Tu quando ci sei riuscito?

A trent’anni. Il primo rapporto sessuale l’ho avuto a 26, quando si avvicinava una ragazza prima scappavo, ero sessuofobico.

Come si può impedire che la chiesa nasconda i preti pedofili?

Gli archivi delle diocesi devono essere accessibili alla magistratura, la Cei deve inserire nel suo ordinamento l’obbligo di denuncia perché il processo canonico non basta. Al massimo il prete viene semplicemente spostato e quindi può continuare ad abusare. Il prete che “sbaglia” ha l’obbligo di riferire al vescovo, quindi sono le alte gerarchie che dovrebbero essere obbligate a denunciare gli abusi. Anche chi frequenta la chiesa, invece di rivolgersi al vescovo, deve avere la forza di denunciare alla magistratura.

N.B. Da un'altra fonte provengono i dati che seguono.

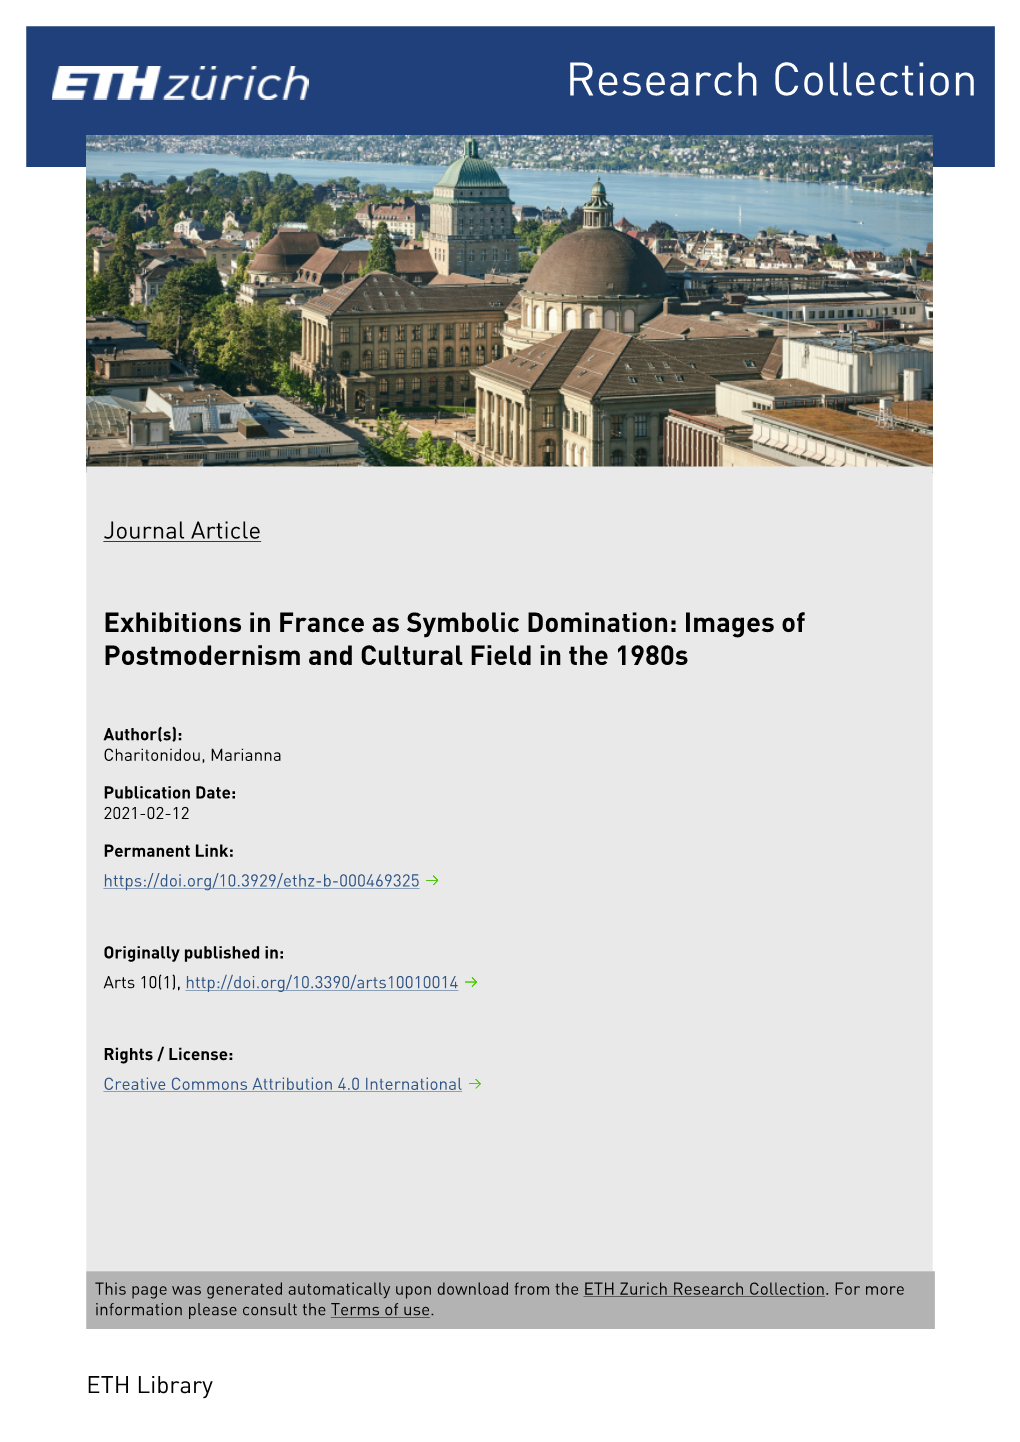 Exhibitions in France As Symbolic Domination: Images of Postmodernism and Cultural Field in the 1980S

La tua associazione raccoglie molte denunce. La materia è molto delicata, come fate a verificare l’attendibilità delle presunte vittime?

Siamo tutti volontari ex vittime di abusi e abbiamo sedici avvocati volontari. Il problema è serio e dobbiamo fare verifiche molto dettagliate, anche perché molti denunciano ma pochi sono disposti ad esporsi in prima persona. Ed è difficilissimo produrre materiale per mettere in moto un’azione penale, serve tempo, indagini, microcamere nascoste. Ci andiamo con i piedi di piombo quando si tratta di fare nomi e cognomi. Adesso che c’è crisi riceviamo centinaia di denunce false.

Perché?

Vogliono soldi, ottenere un risarcimento.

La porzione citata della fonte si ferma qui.